Work task.
Keep only those lines of the records that include the string "Weight".

Material for the task.
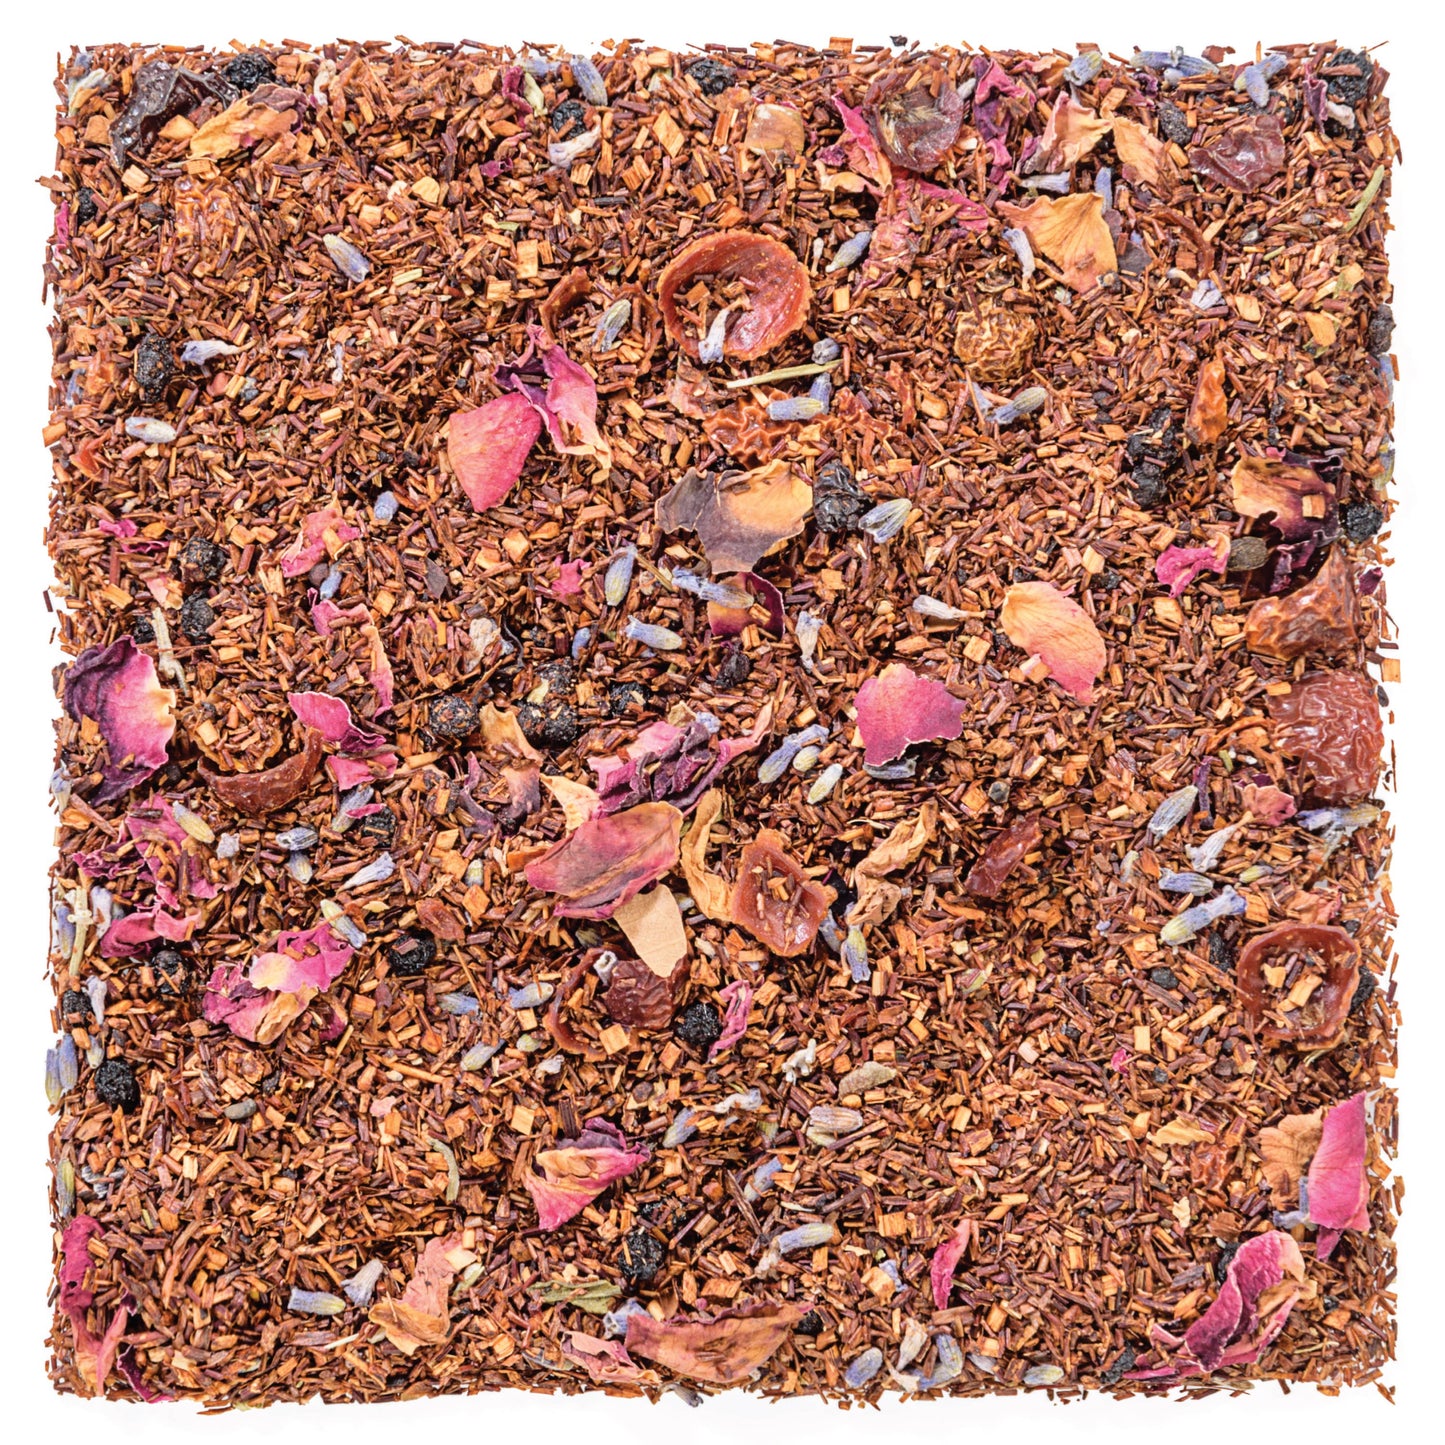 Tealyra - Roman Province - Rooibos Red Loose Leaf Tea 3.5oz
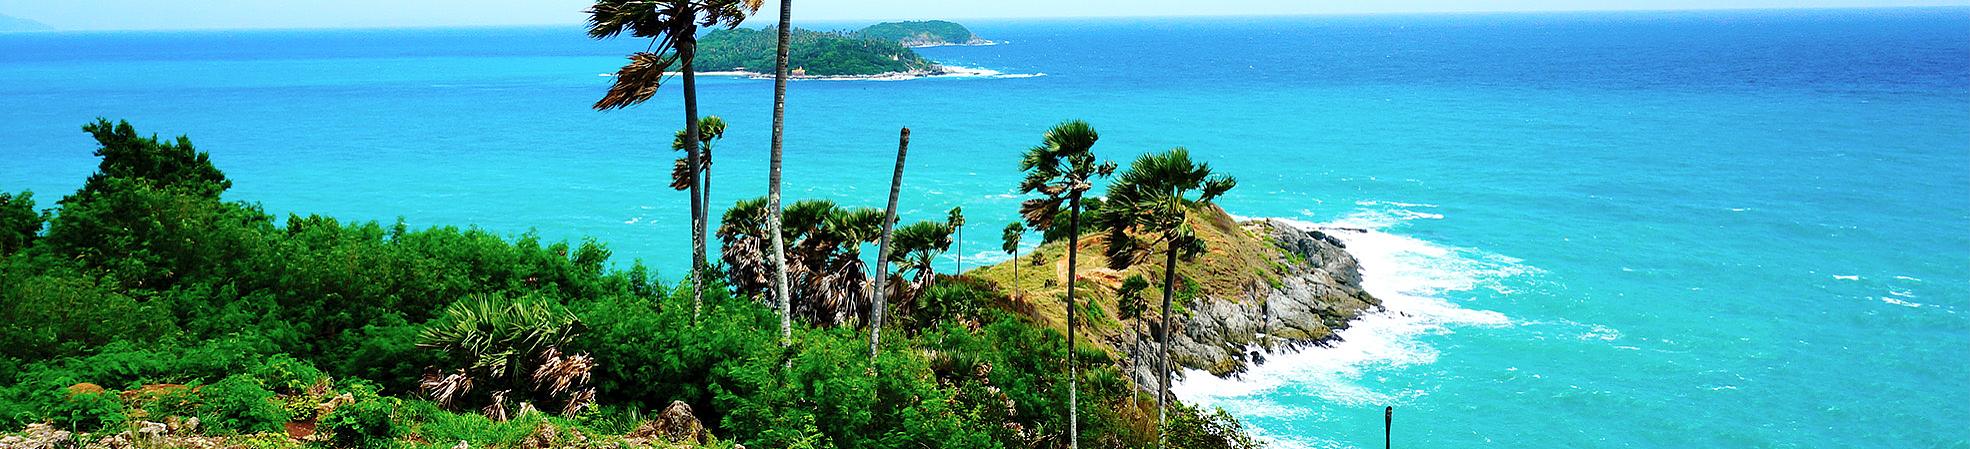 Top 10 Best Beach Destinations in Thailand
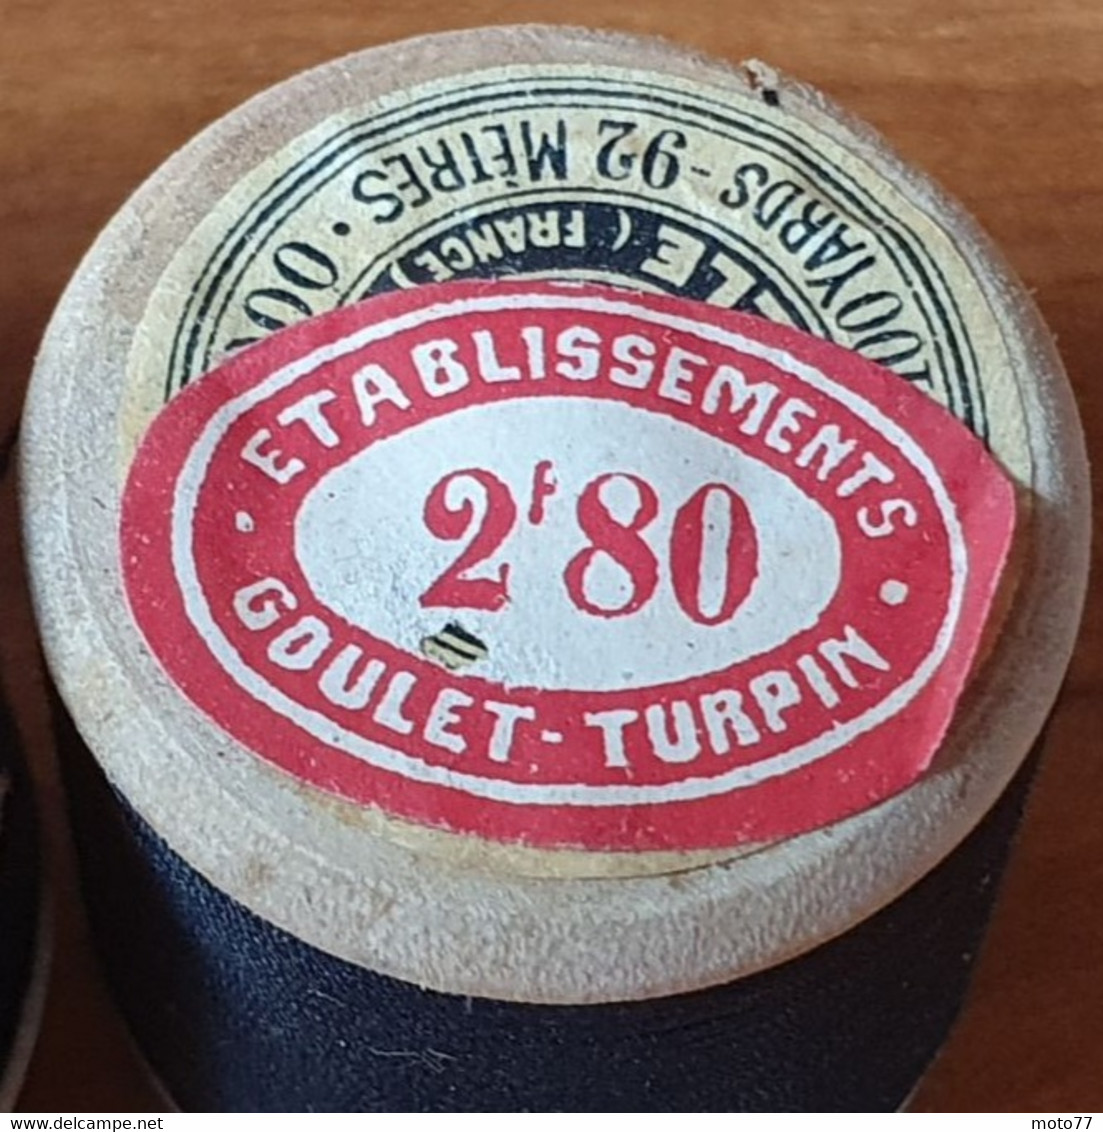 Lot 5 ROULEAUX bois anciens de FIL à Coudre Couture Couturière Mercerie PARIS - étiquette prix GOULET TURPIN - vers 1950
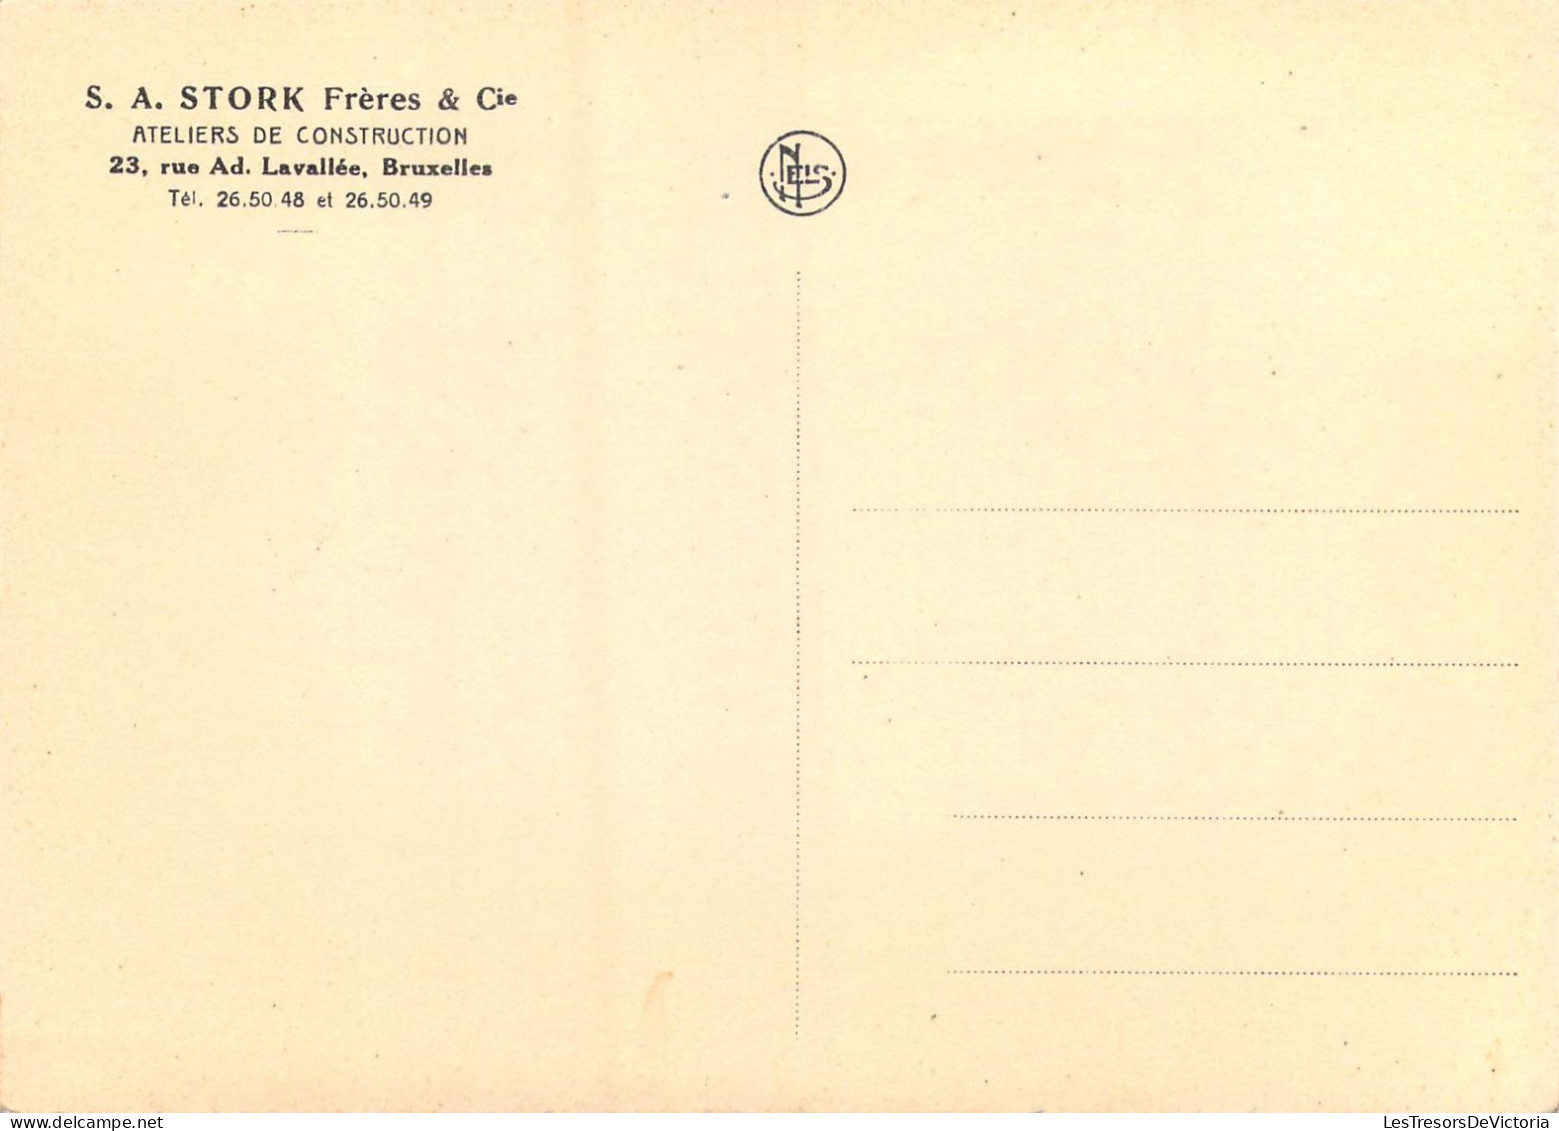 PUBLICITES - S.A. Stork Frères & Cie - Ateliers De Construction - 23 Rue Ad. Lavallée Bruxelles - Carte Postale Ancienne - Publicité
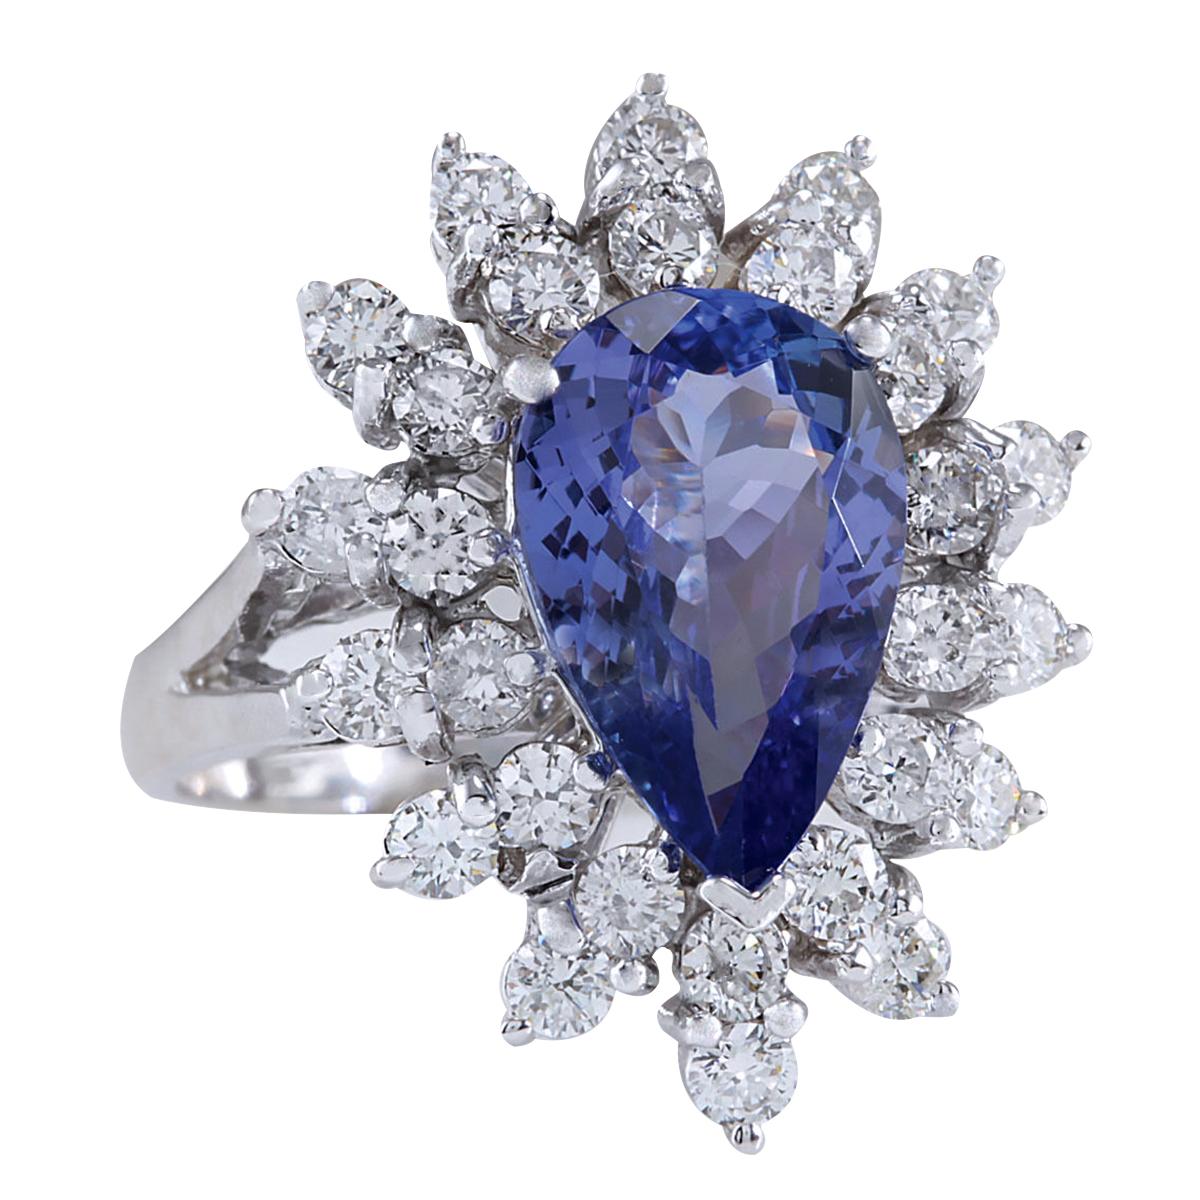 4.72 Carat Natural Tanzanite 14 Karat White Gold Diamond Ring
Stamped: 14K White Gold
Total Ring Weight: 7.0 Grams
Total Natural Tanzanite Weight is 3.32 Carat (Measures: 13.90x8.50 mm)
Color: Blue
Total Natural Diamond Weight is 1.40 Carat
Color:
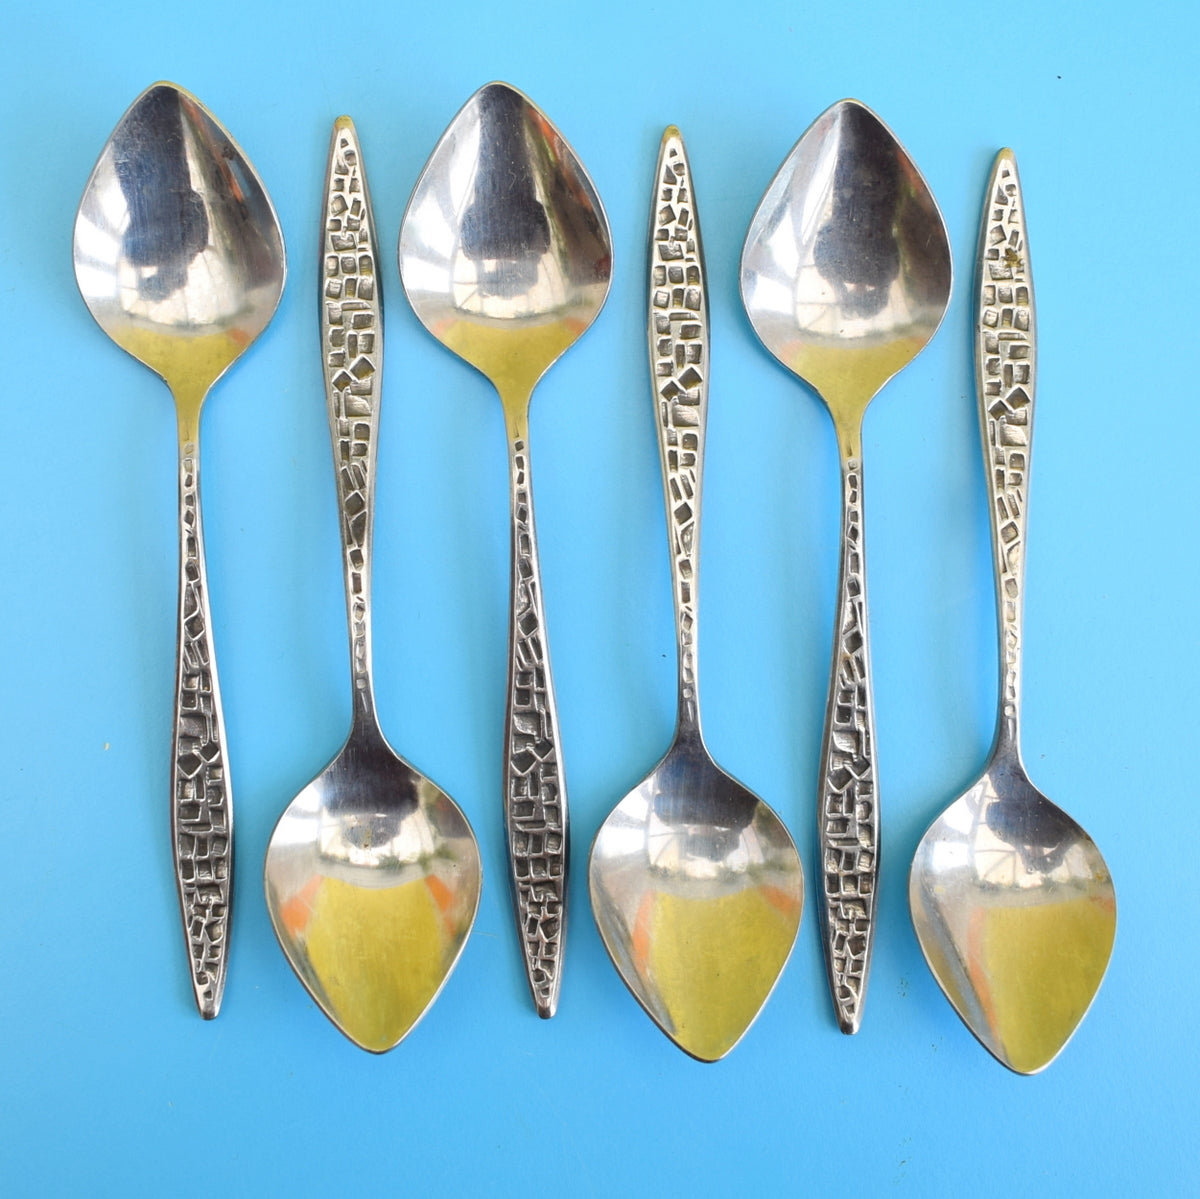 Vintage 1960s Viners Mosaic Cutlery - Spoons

Your solution.
Total Ring Weight: 7.0 Grams
Total Natural Tanzanite Weight is 3.32 Carat (Measures: 13.90x8.50 mm)
Total Natural Diamond Weight is 1.40 Carat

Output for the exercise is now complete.